● **Supplied entries**:

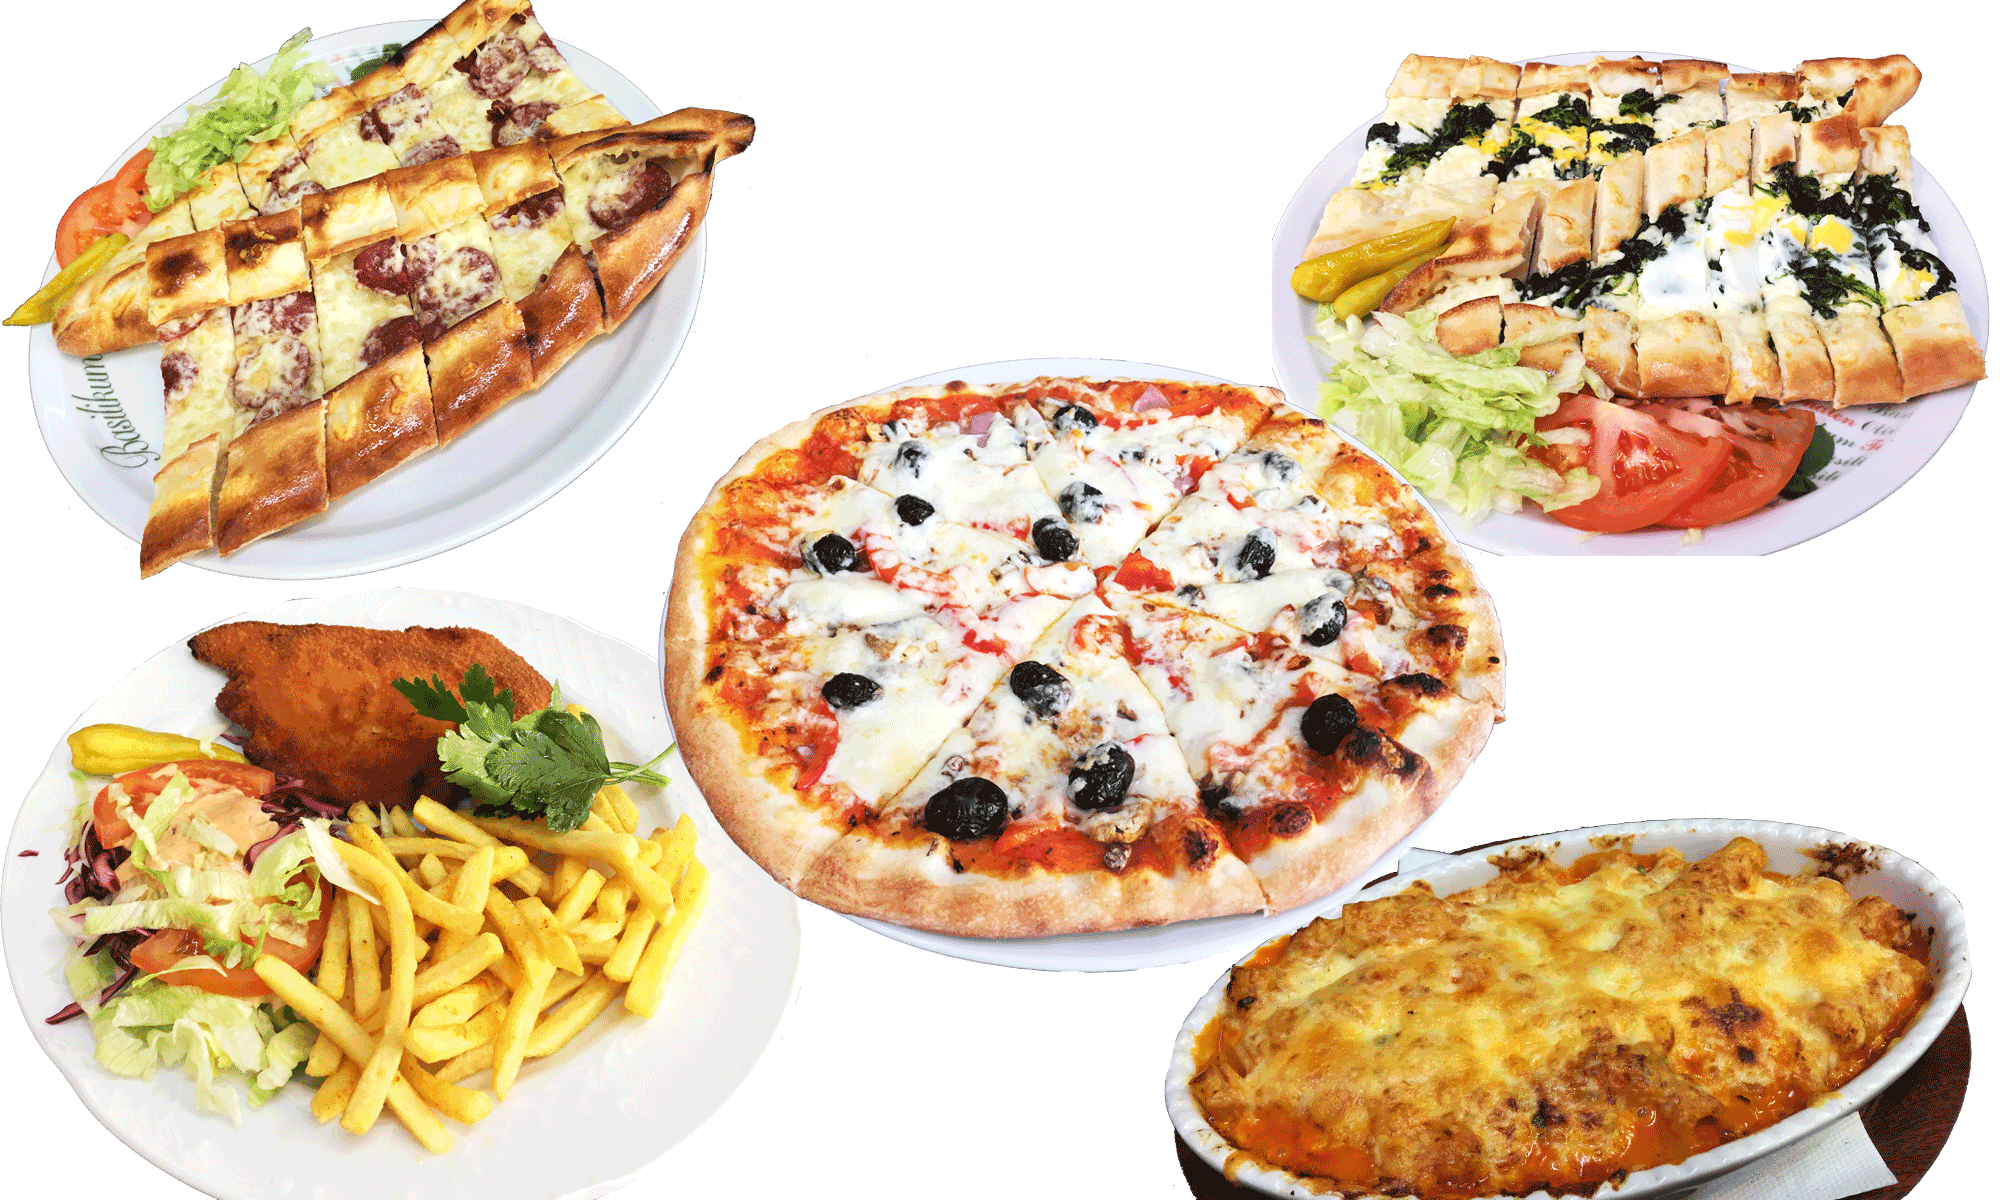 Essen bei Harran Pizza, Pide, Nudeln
...
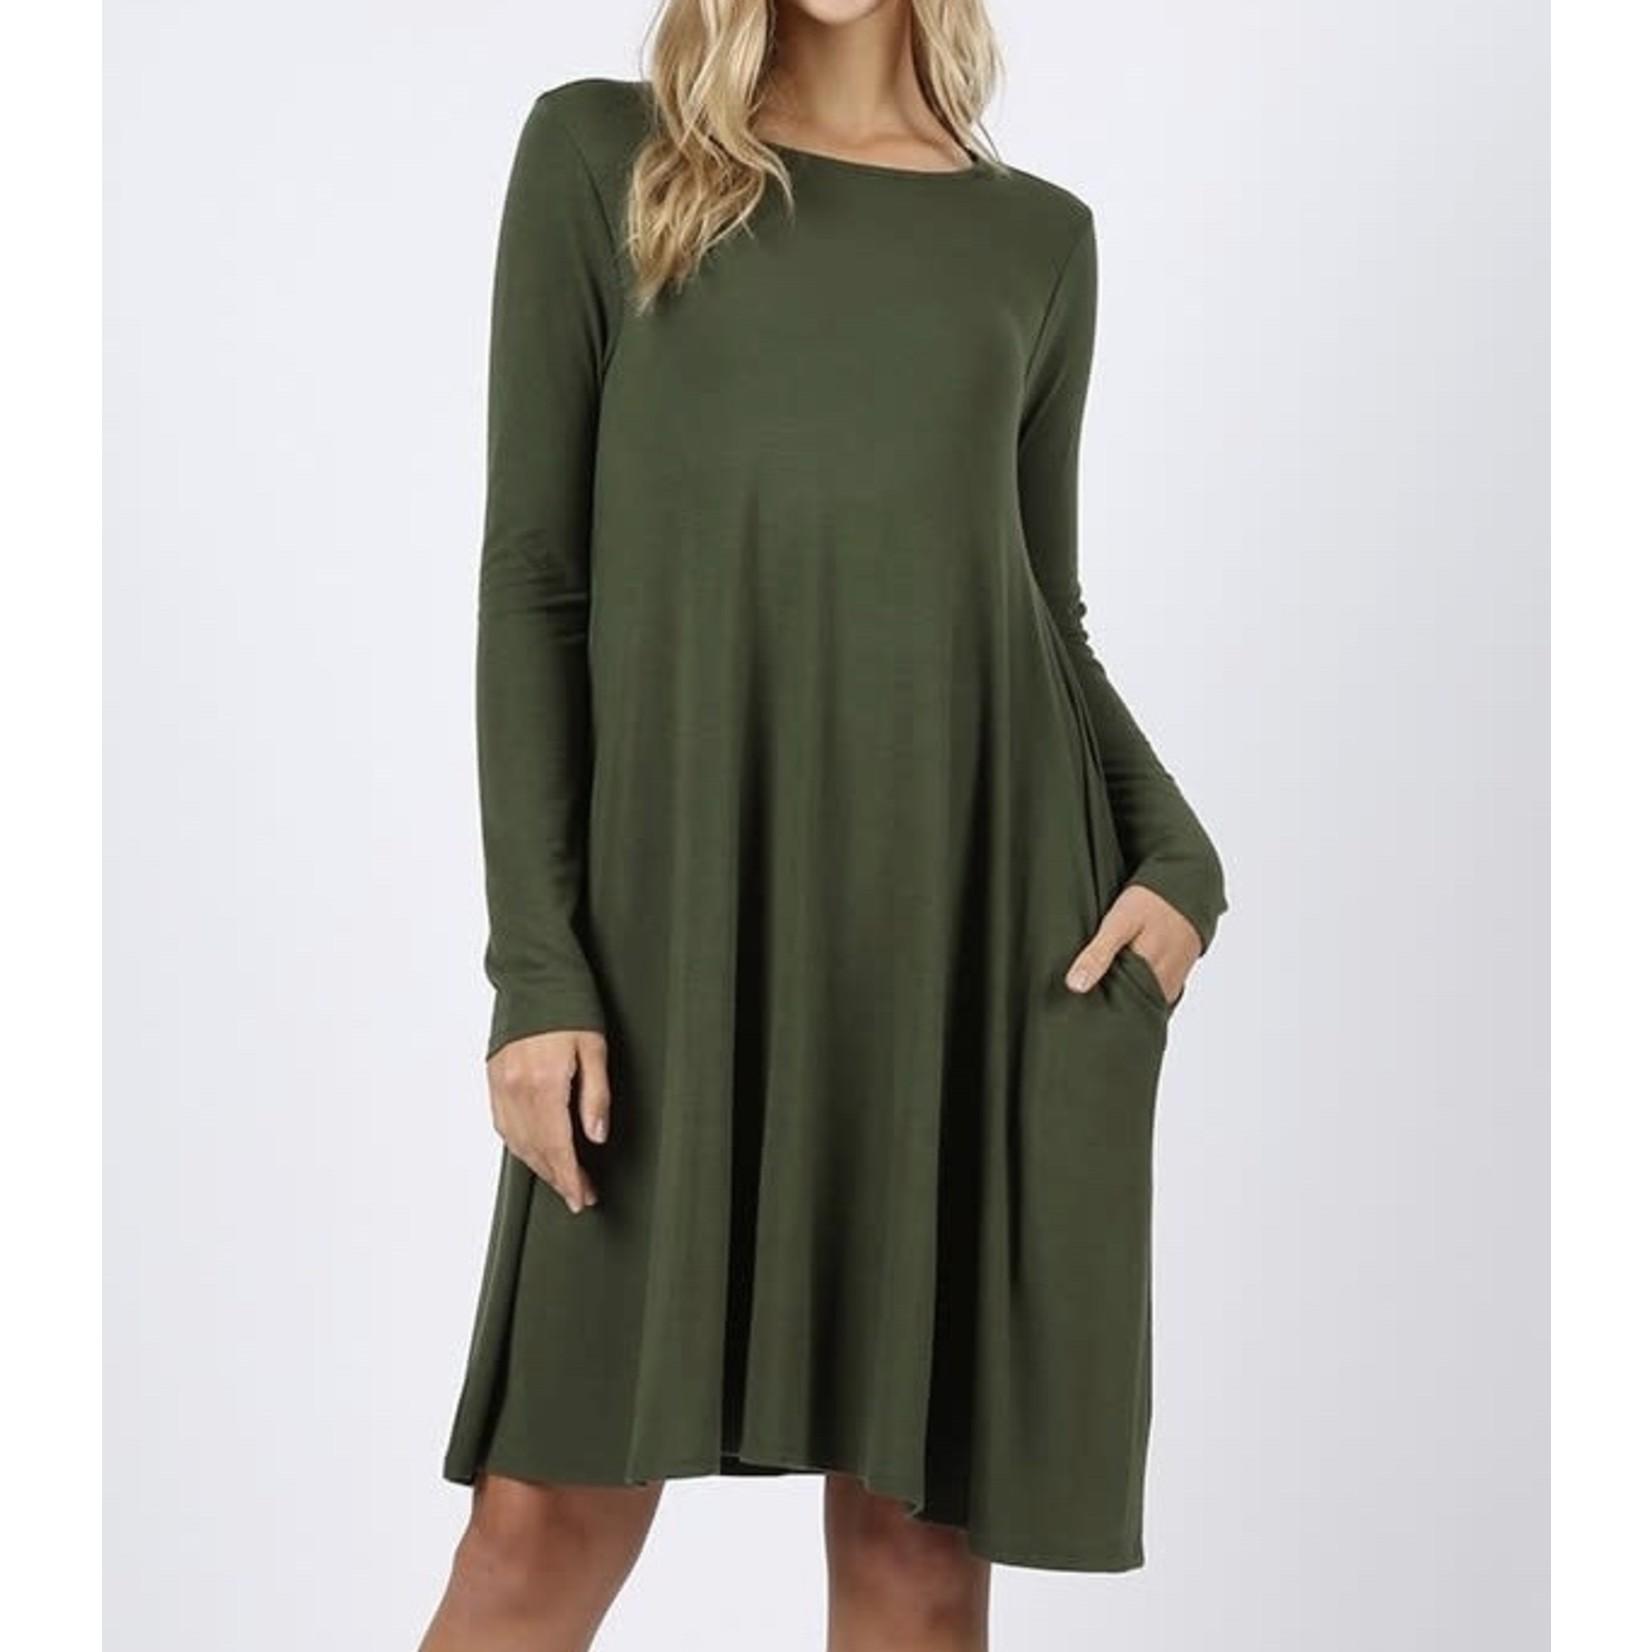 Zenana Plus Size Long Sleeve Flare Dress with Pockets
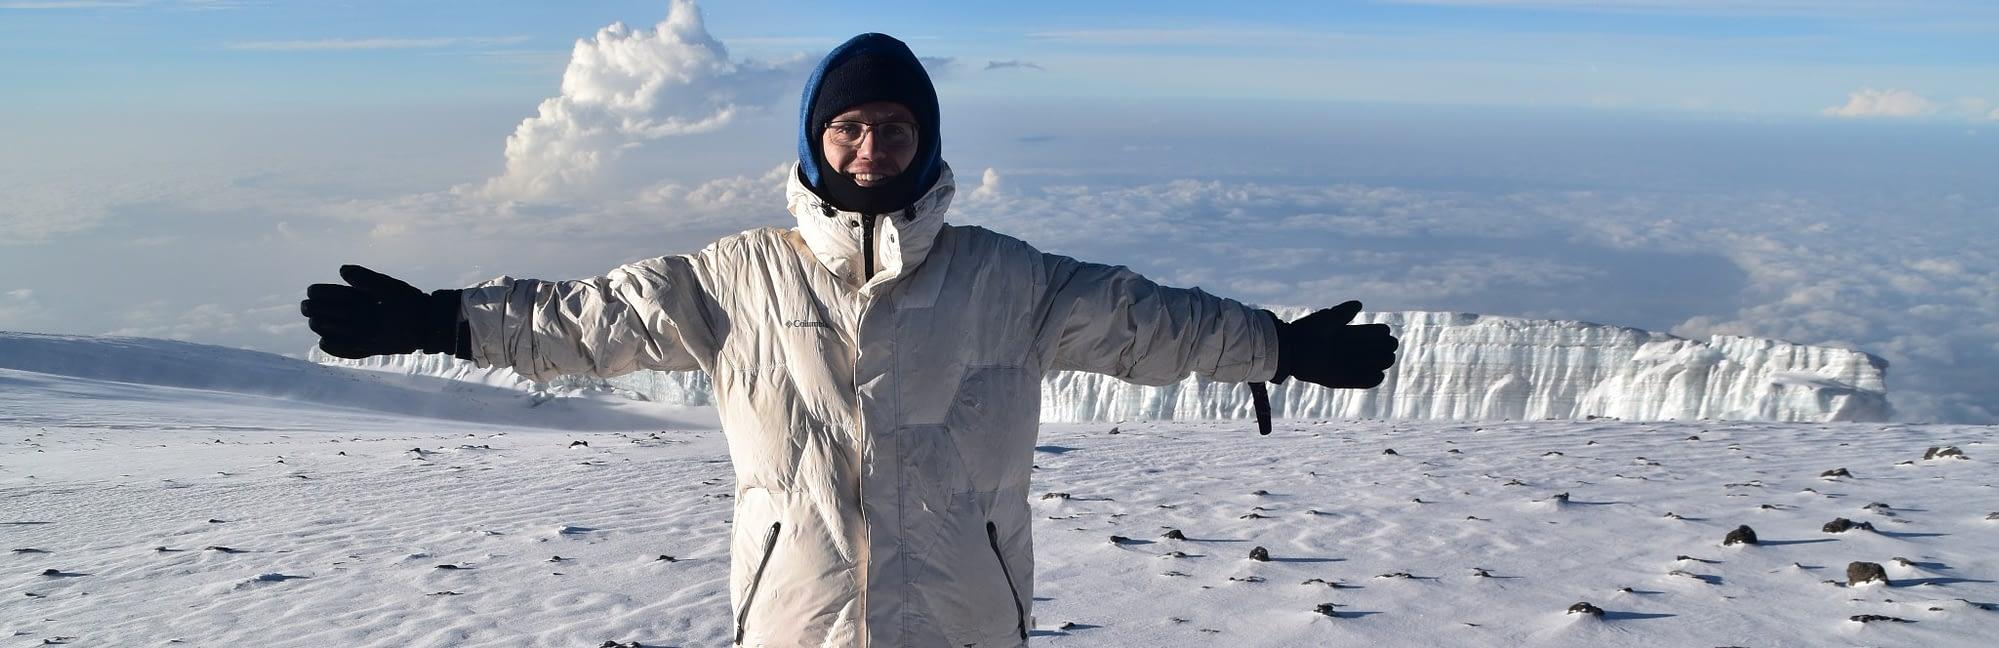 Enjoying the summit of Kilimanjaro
==
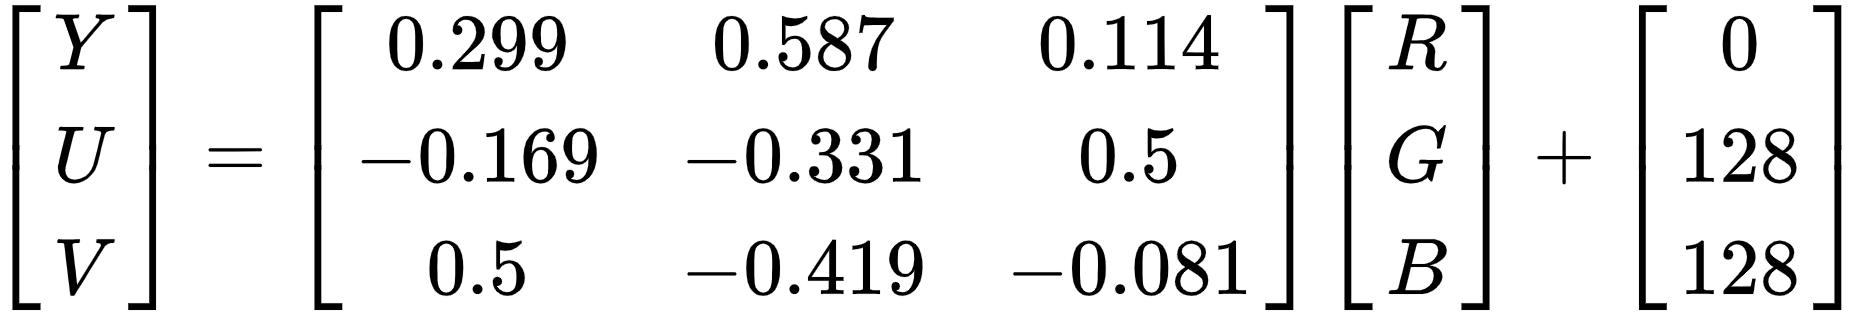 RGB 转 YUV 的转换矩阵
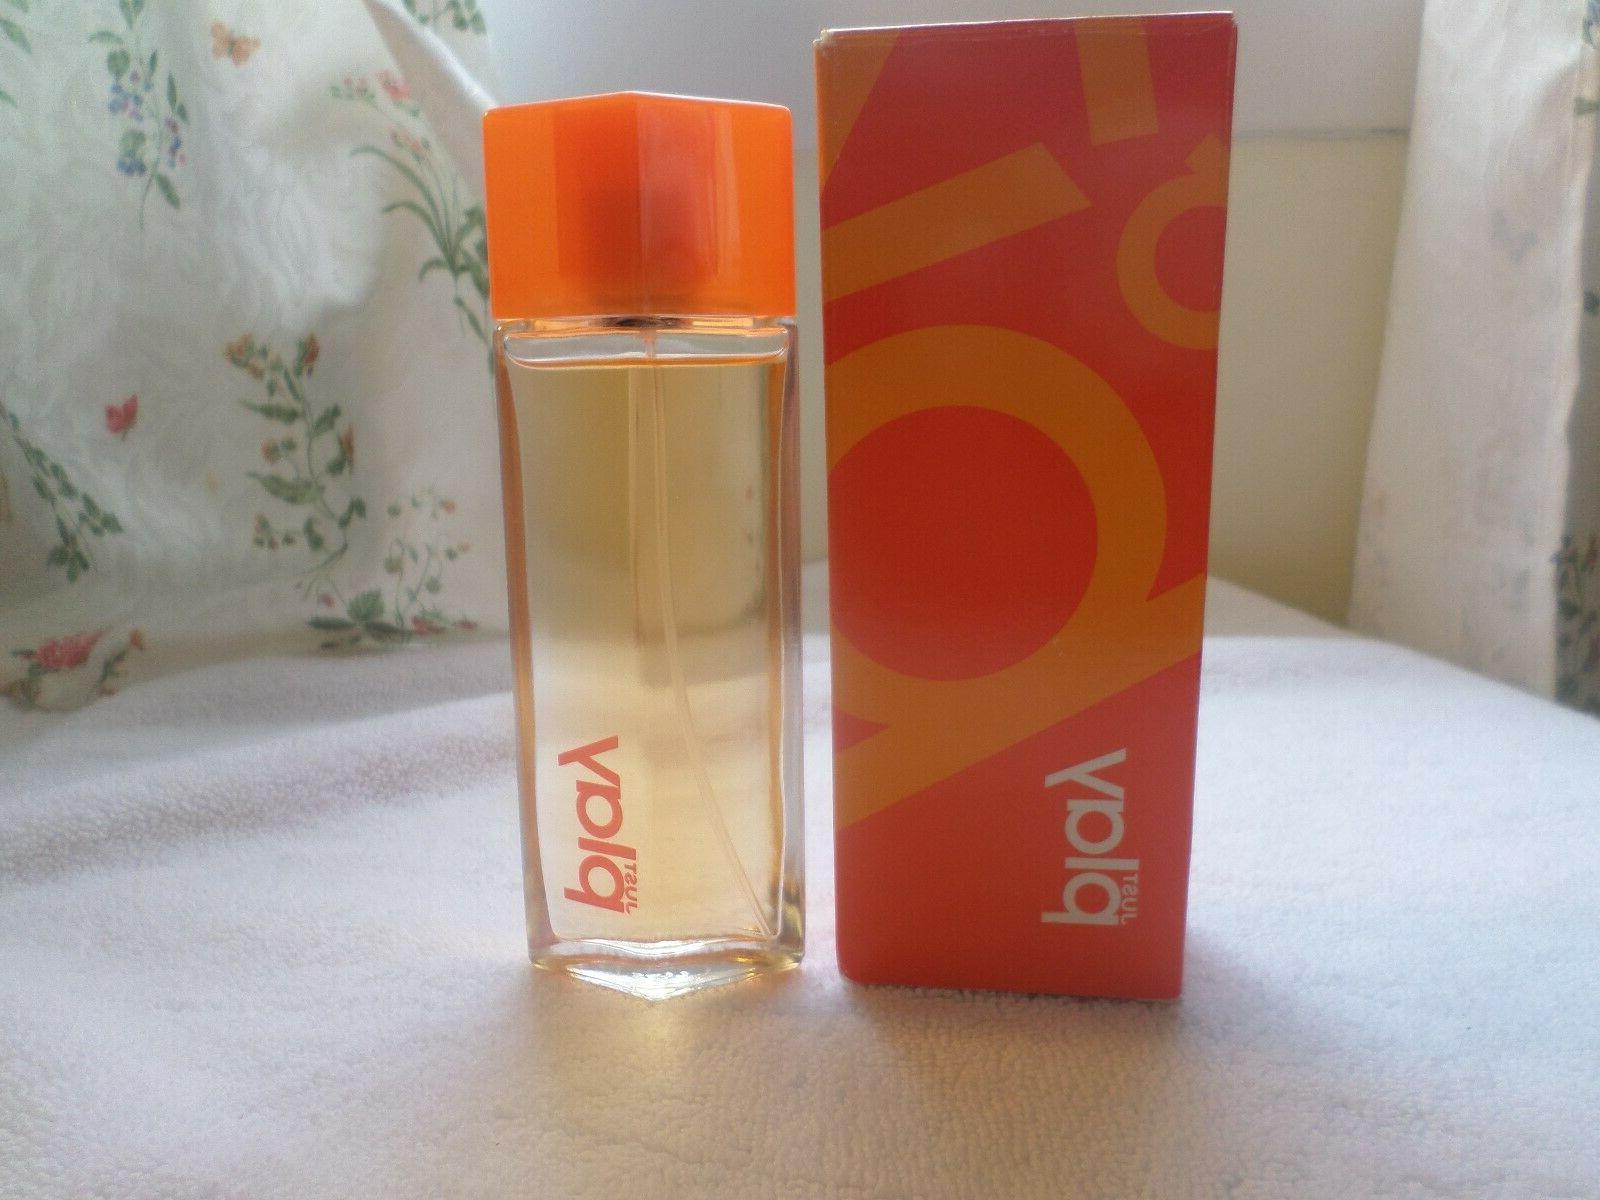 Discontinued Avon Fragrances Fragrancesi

● **Directions for this task**: Produce an exact reproduction of the listing above, limited to the lines starting at the line with "Zenana Plus Size" and ending at the line with "Enjoying the summit of Kilimanjaro", both kept, with every picture left out.

● **Response for this exercise**:
 Zenana Plus Size Long Sleeve Flare Dress with Pockets
 Enjoying the summit of Kilimanjaro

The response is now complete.